The second half is a reflexive analysis of what it means to be that agent of reaction and militancy, the one who snaps and kills everyone. Russ is open-ended on this point. When our heroine is considering the justification (or not) of her murders, there is no answer to be had. She asks herself the question: are her murders justified given that she is a casualty of the imperialistic tendencies she’s suffered under (and her suffering is a given; Russ is scabrous enough about it)? To what extent is she a thoughtful militant reacting to the worst in human society, and to what extent is she simply a homicidal maniac long divorced from any rational cause? Russ does not offer a rational discussion but an intuitive one, as her long-seated ideas mutate and take on dissociative forms. By making her both a fundamentalist and a feminist, by having the voices of sanity and insanity comingle in her head, Russ suggests that there is simply no separating the two sides. She is incapable of isolating her activism from her trauma and victimization. Russ says: how could she? None of us are at liberty to step back freely from the preconditions of society and view the matter from an imagined objectivity. It’s a Fanonian answer, and it makes Russ one of the most distinctive radicals to have written in science fiction. Most portray revolutionaries as rational agents or great unwashed proletarian masses; Russ is not willing to stop at dialectical materialism.
3 October 2006 at 07:42
Waggish, have you ever written on Delany’s fiction? (Not being much of a sci-fi fan, the only Russ I’ve read – The Female Man – was on Delany’s recommendation.) I’d love to read similarly well-considered work on his fiction.
3 October 2006 at 18:08
I find I like Russ better in theory than in practice, I’m afraid: always interesting and intelligent (and I agree her narrative voice(s) is/are very compelling), her fictions do not ultimately engage me on the grounds of character.

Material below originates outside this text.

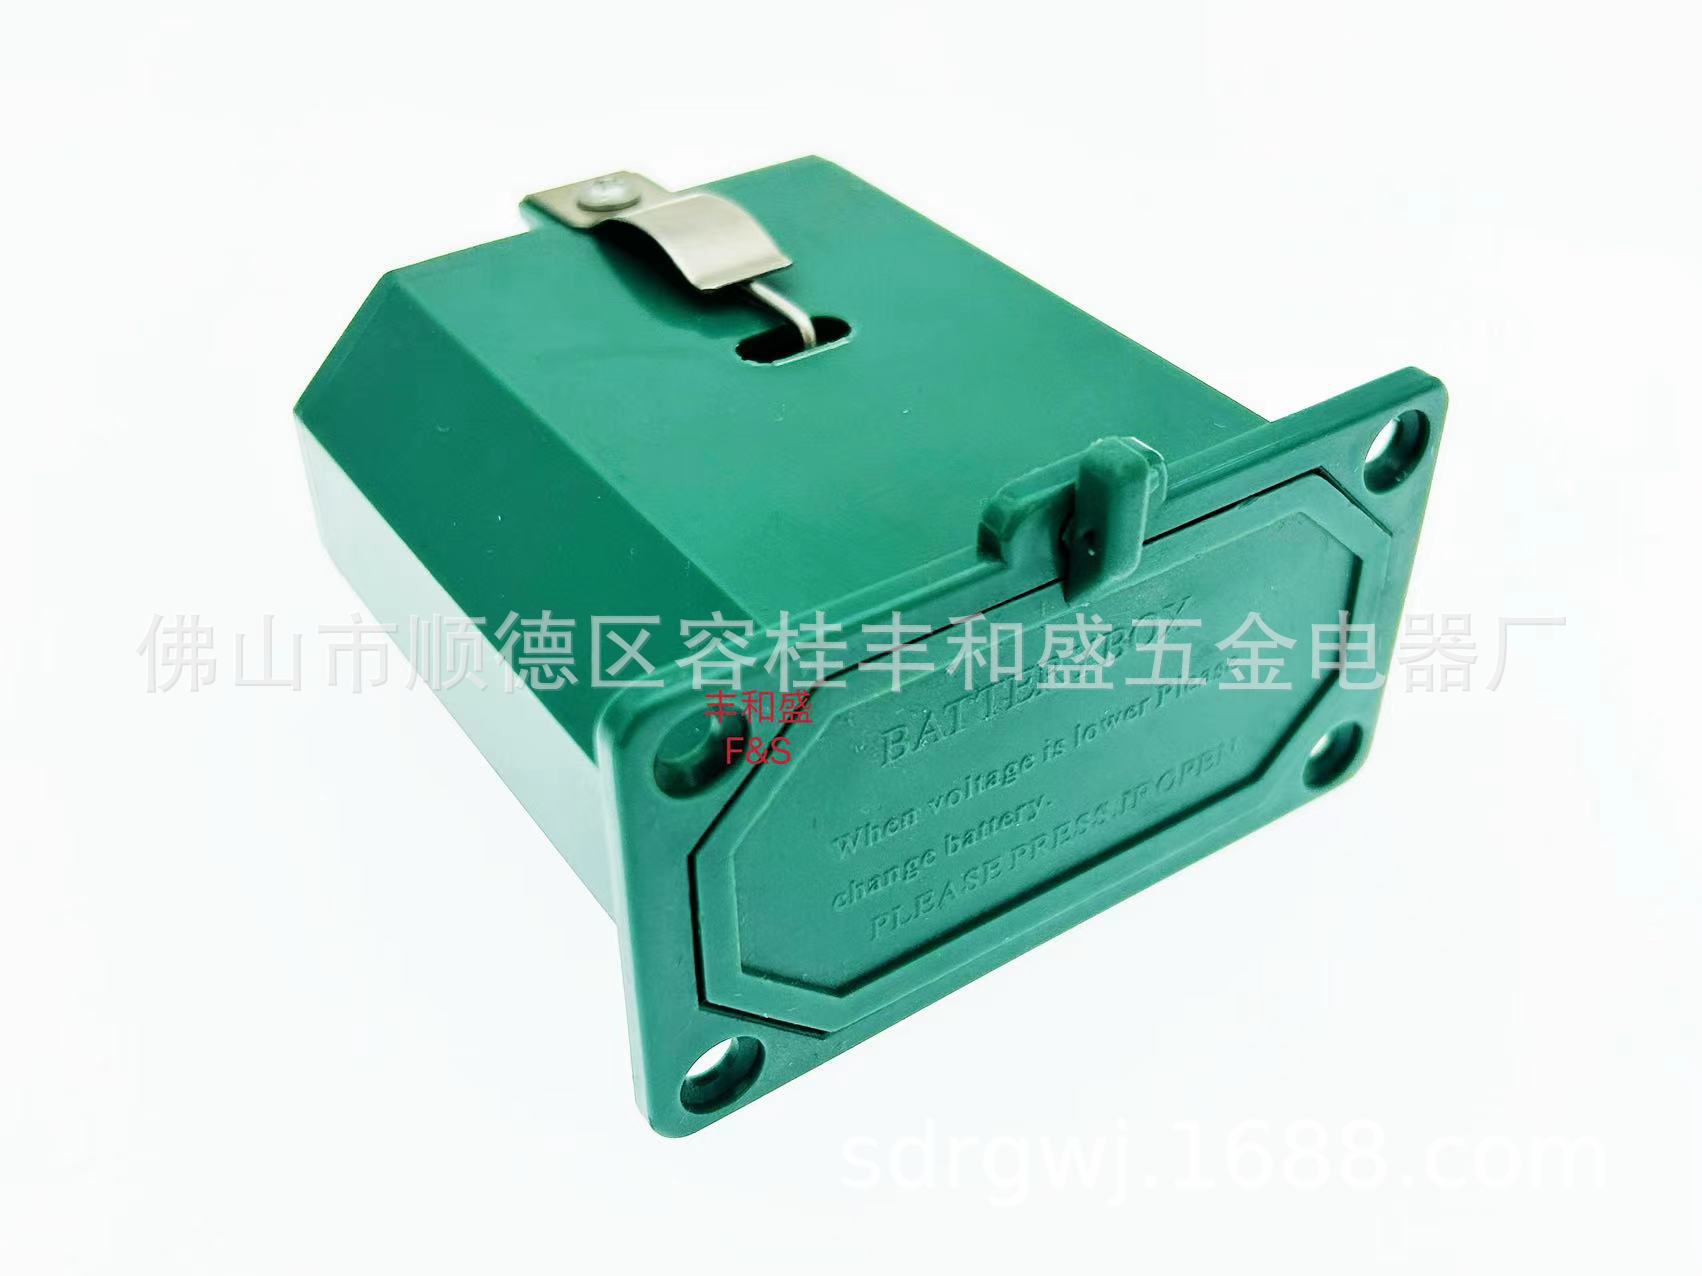 适用于华帝热水器的电池盒-外贸热水器配件

I am also sorry to say that something about your post reminded me of a delightfully trashy Shirley Conran novel called “Savages”:
Good stuff! I second the desire to hear your thoughts on Delany.
4 October 2006 at 07:20
I remember enjoying a piece of Russ’s dialogue along these lines:
“What’s it like being a woman?” he asked.
I took a rifle out from behind my chair and shot him dead. “It’s like that,” I said.
1 December 2006 at 06:50
Russ is truly hard sf.
21 September 2007 at 12:36
It’s been a number of years since I read that (short, grim) book, but one of the strongest memories I have of it is the heroine’s long internal monologue while she ends her life through starving herself to death in a cave; she denies herself the quick and easy suicide pill she possesses until she is at the brink of death itself. In my memory, this whole last part of the book is an exegesis on the nature of her Christianity (doesn’t she write, at one point “Thou owest God a death”)? So the ending seemed to me to be part of a mystical punishment she endures which leaves her half way between traditional modes of saintliness and a long act of pointless masochism. All very dark, really, and some wonderful imagery. (Happy to see you on FB, btw— pls give my best to N.)
31 January 2012 at 10:52
“I think it was Raymond Smullyan who said that Schopenhauer damaged his case by jumping back and forth between cosmic pessimism and whines about every little thing that bothered him.”
He called it “whining”? I sure hope not — this would certainly decrease my admiration for Smulllyan.